To study abundance and its environmental determinants, one generally needs to characterize the shape of its statistical distribution, for instance through the use of a distribution model. In particular, when inference is based on a limited amount of data, having an a priori idea of the data distribution is particularly helpful.
We want to find a distribution model which could be applied generally for freshwater fish abundance data. This model should reflect data’s main properties: discretion, overdispersion, high proportion of zeros. We also wish to study the influence of various factors (e.g. species, site, mean abundance, sample size) on the performance of distribution models, so as to discuss the way environment and behaviour might influence the distribution of fish. Moreover, we illustrate a few consequences to considering an appropriate model for abundance count data, rather than a normal approximation, through the examination of confidence intervals around the estimate of mean abundance.

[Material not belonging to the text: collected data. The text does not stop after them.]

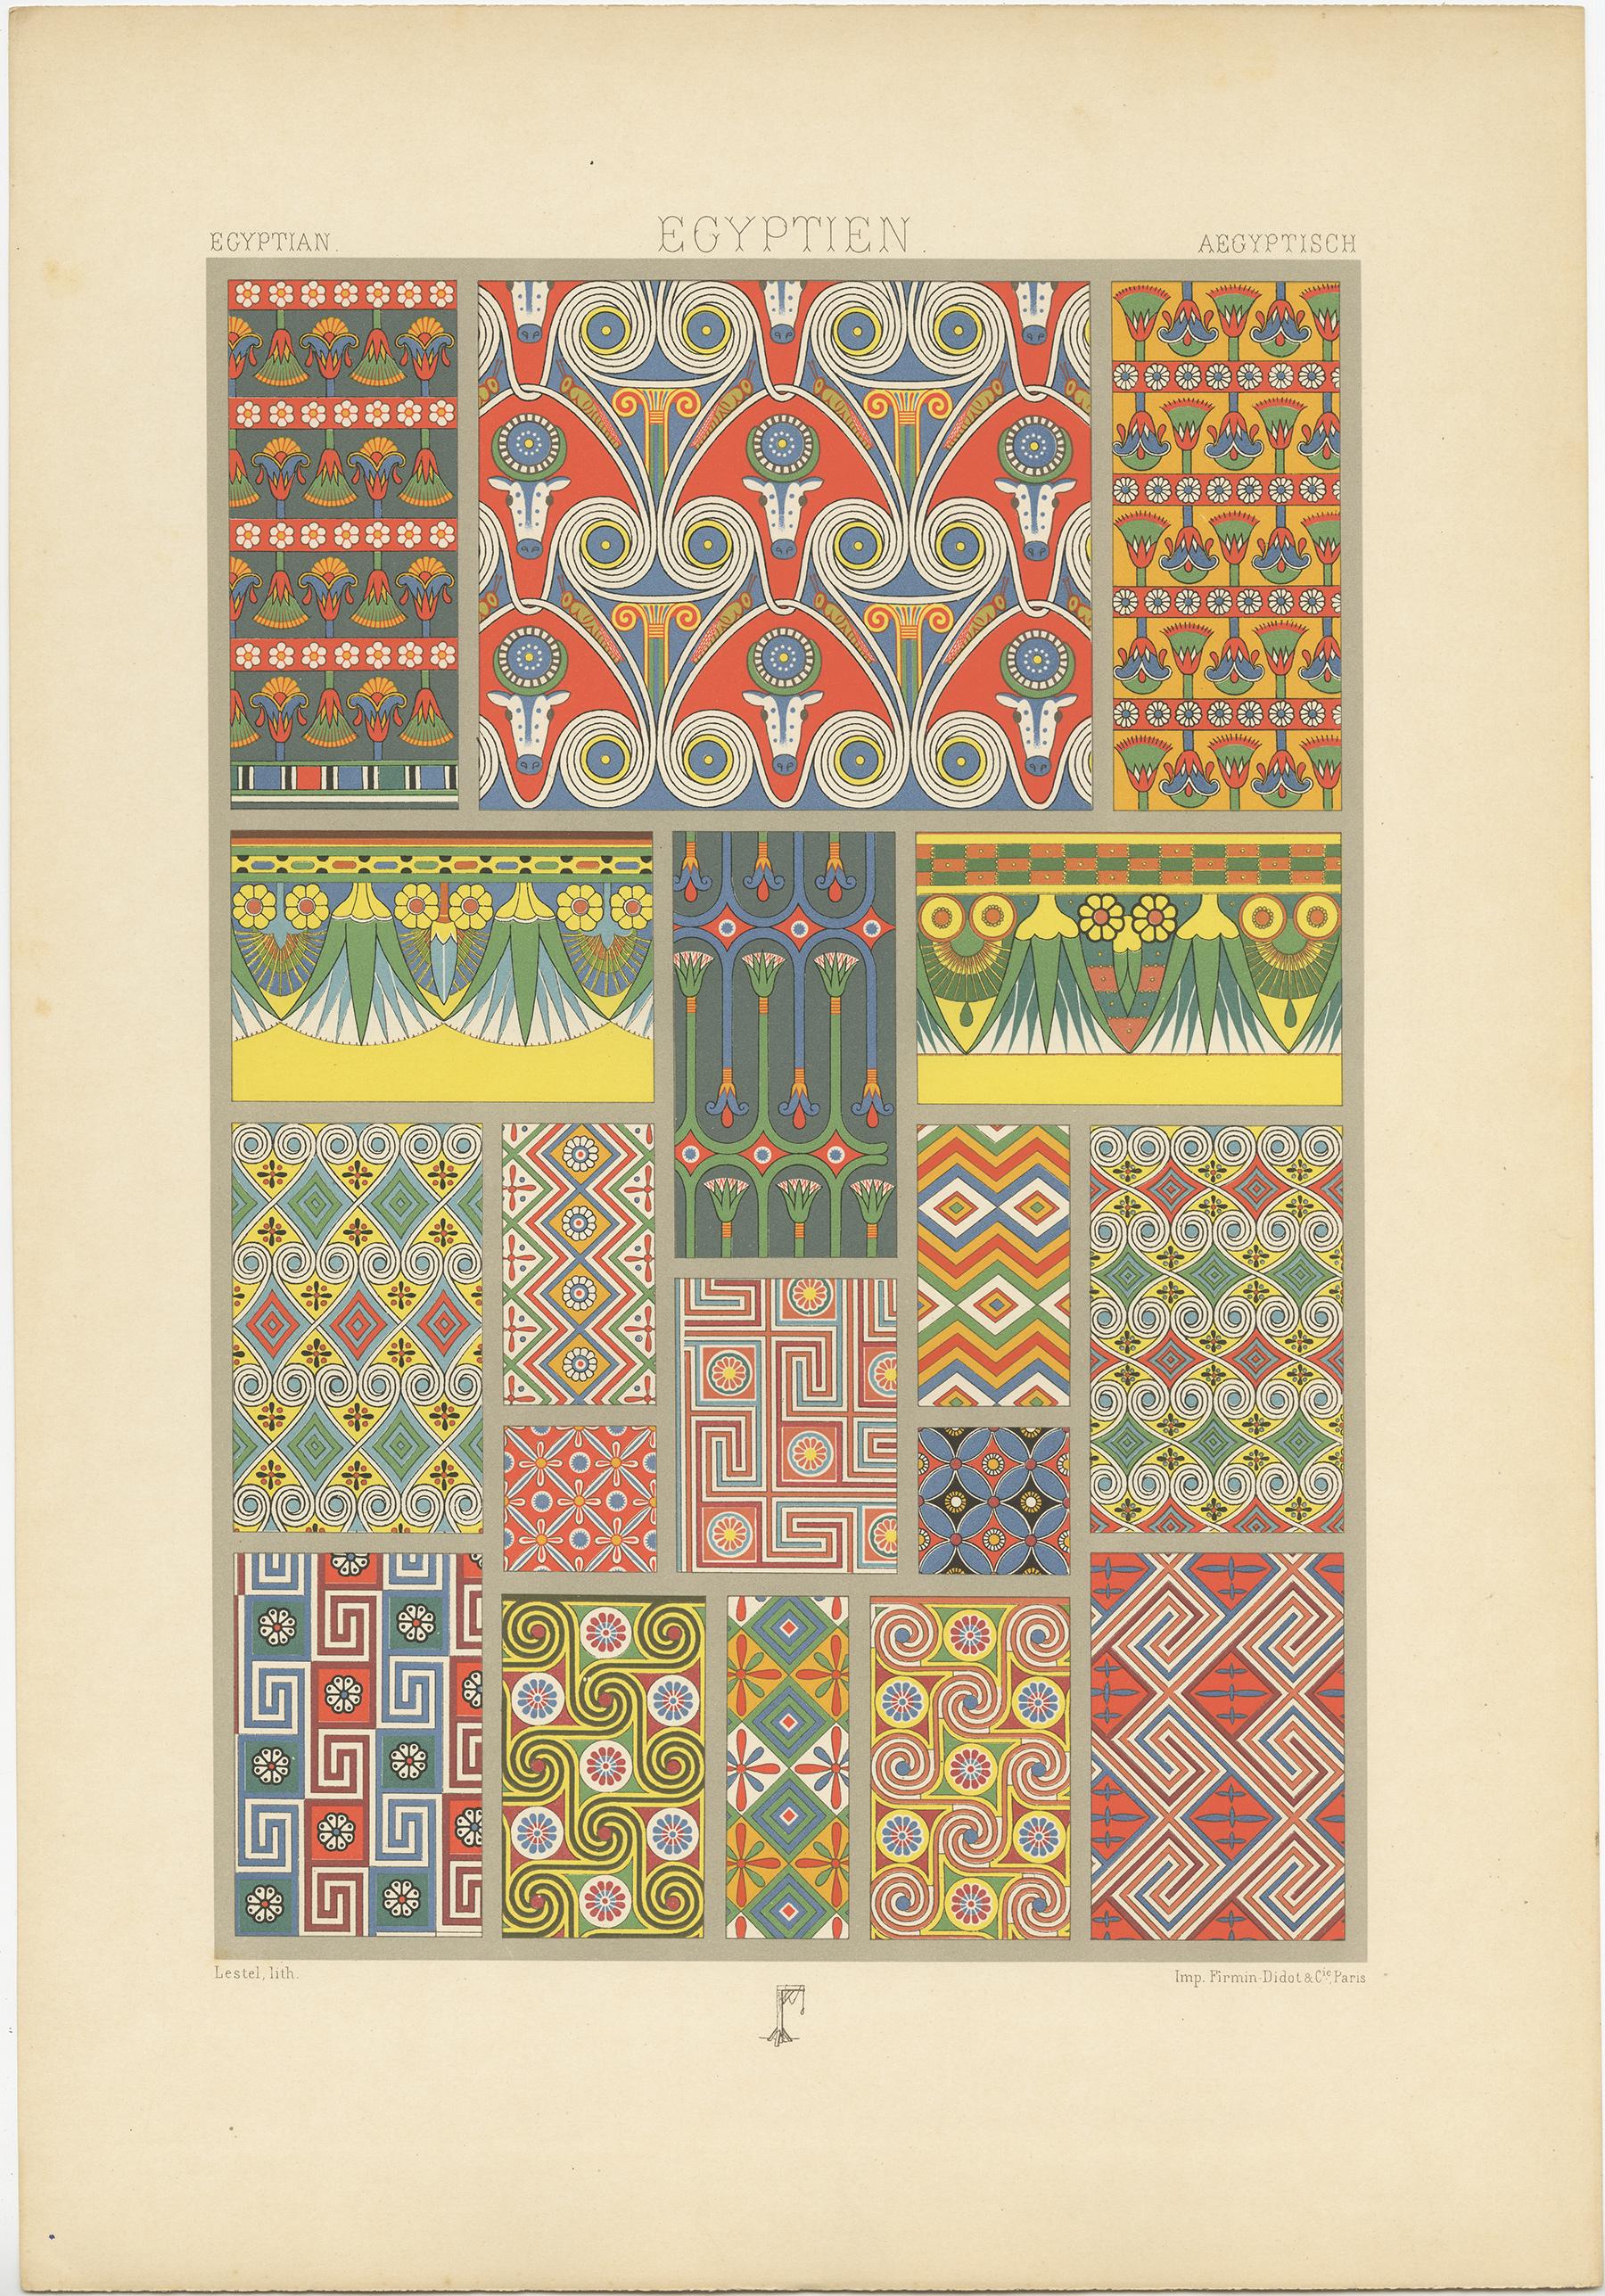 Antique print titled 'Egyptian - Egyptien - Aegyptisch'. Chromolithograph of Egyptian painted tomb ceiling and friezes ornaments. This print originates from 'l'Ornement Polychrome' by Auguste Racinet. Published circa 1890.
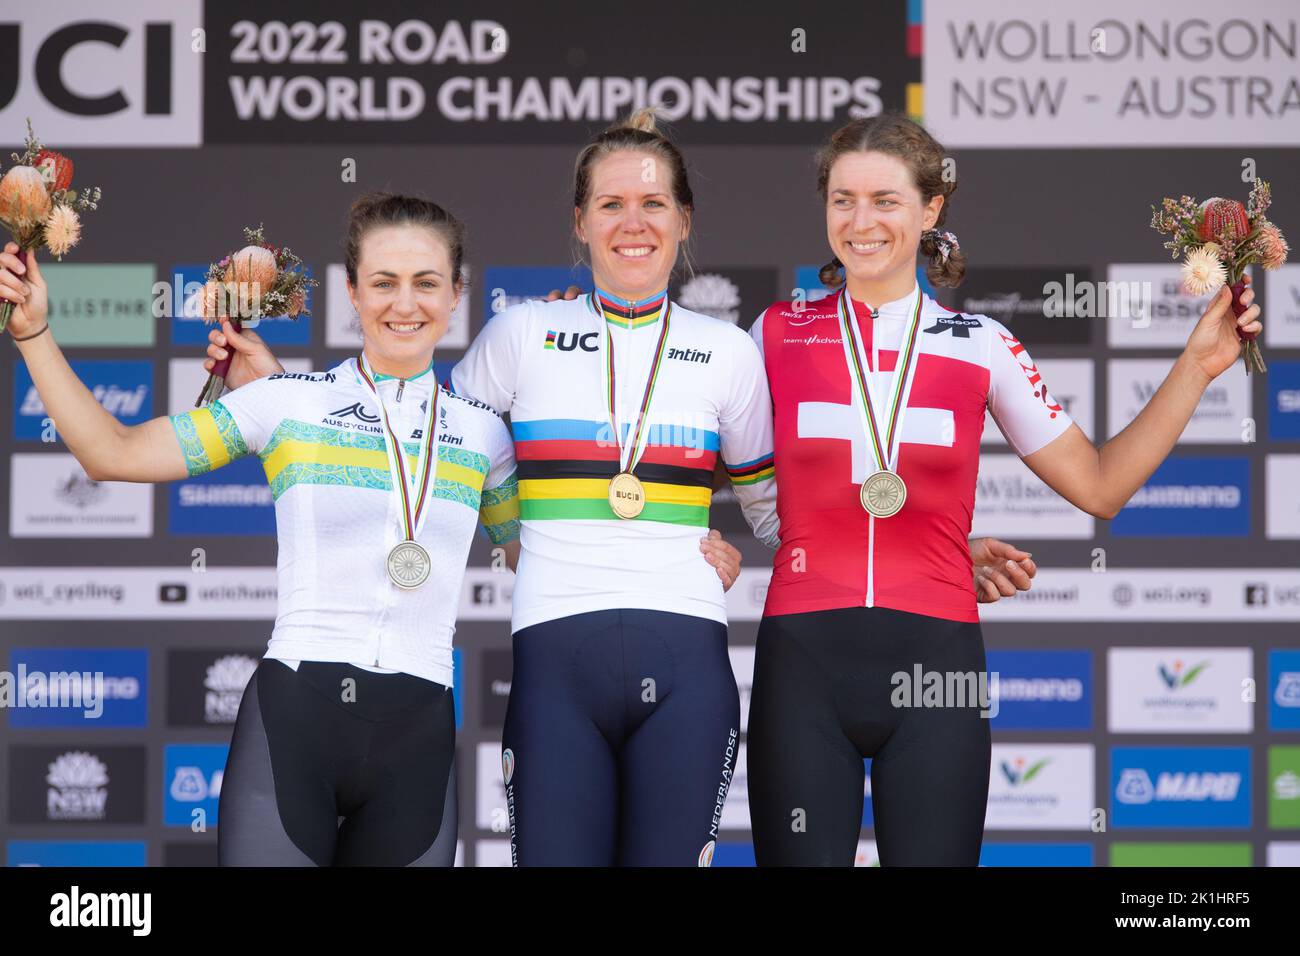 Ellen van Dijk of the Netherlands, winner of the Women's elite Time Trial on the podium at the 2022 UCI Road Cycling World Championships. Stock Photo
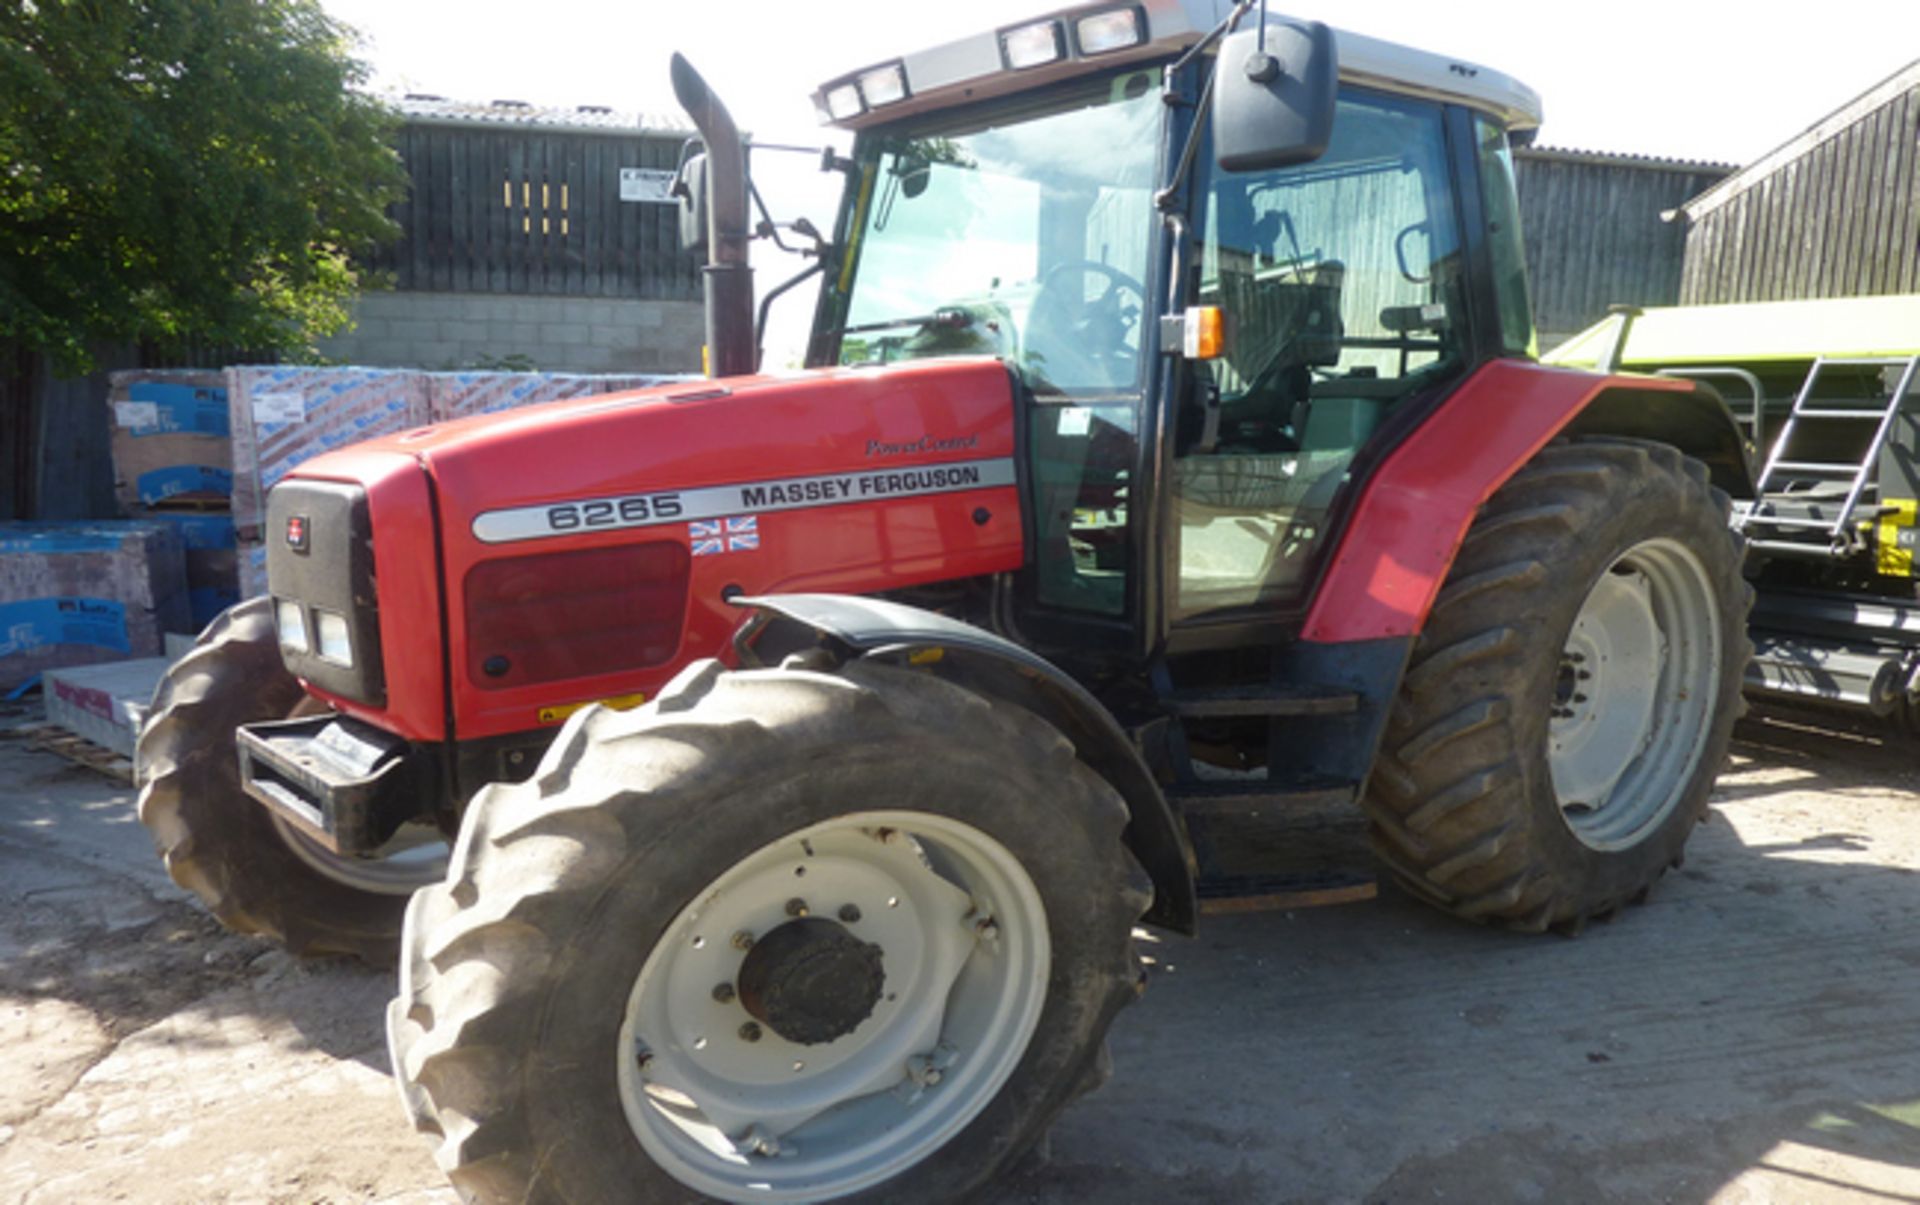 5002 MF 6265 Power Control 4wd tractor, 40km/hr, 5214 hrs, FX03 FXP - Image 2 of 5

We study the distribution of 12 freshwater fish species of the Rhône basin, using a huge dataset consisting in repeated samples (each consisting of 20 to 180 counts) collected by electrofishing between 1985 and 2007. We fit four different models to each of our 2258 samples : a zero-inflated Poisson, a negative binomial, a zero-inflated negative binomial, and a two-part Pareto distribution models. For each sample, we fit these four models by maximum-likelihood and select one model according to the BIC criterion. We carry out logistic ANOVAs to assess the influence of factors such as species, site, mean abundance on the choice of one model among the four considered here. We calculate confidence intervals around mean abundance according to our best-performing distribution model, or through the normal approximation, and compare the results obtained through both methods.
Results/Conclusions
Overall, the negative binomial is the most often selected distribution model( 46% of samples). However, the goodness of fit depends a lot on sample features such as mean abundance: in particular, the zero-inflated Poisson model is selected in 56% of the samples whose mean abundance is weaker than 0.6 individual per point. Binomial negative-based confidence intervals are generally wider than confidence intervals based on a Gaussian distributional assumption (92% of samples), in particular when there are very few non-null counts. Besides, they are asymmetric and much longer on their right side, reflecting that mean abundance might actually be a lot higher than the observed mean, given the shape of the distribution.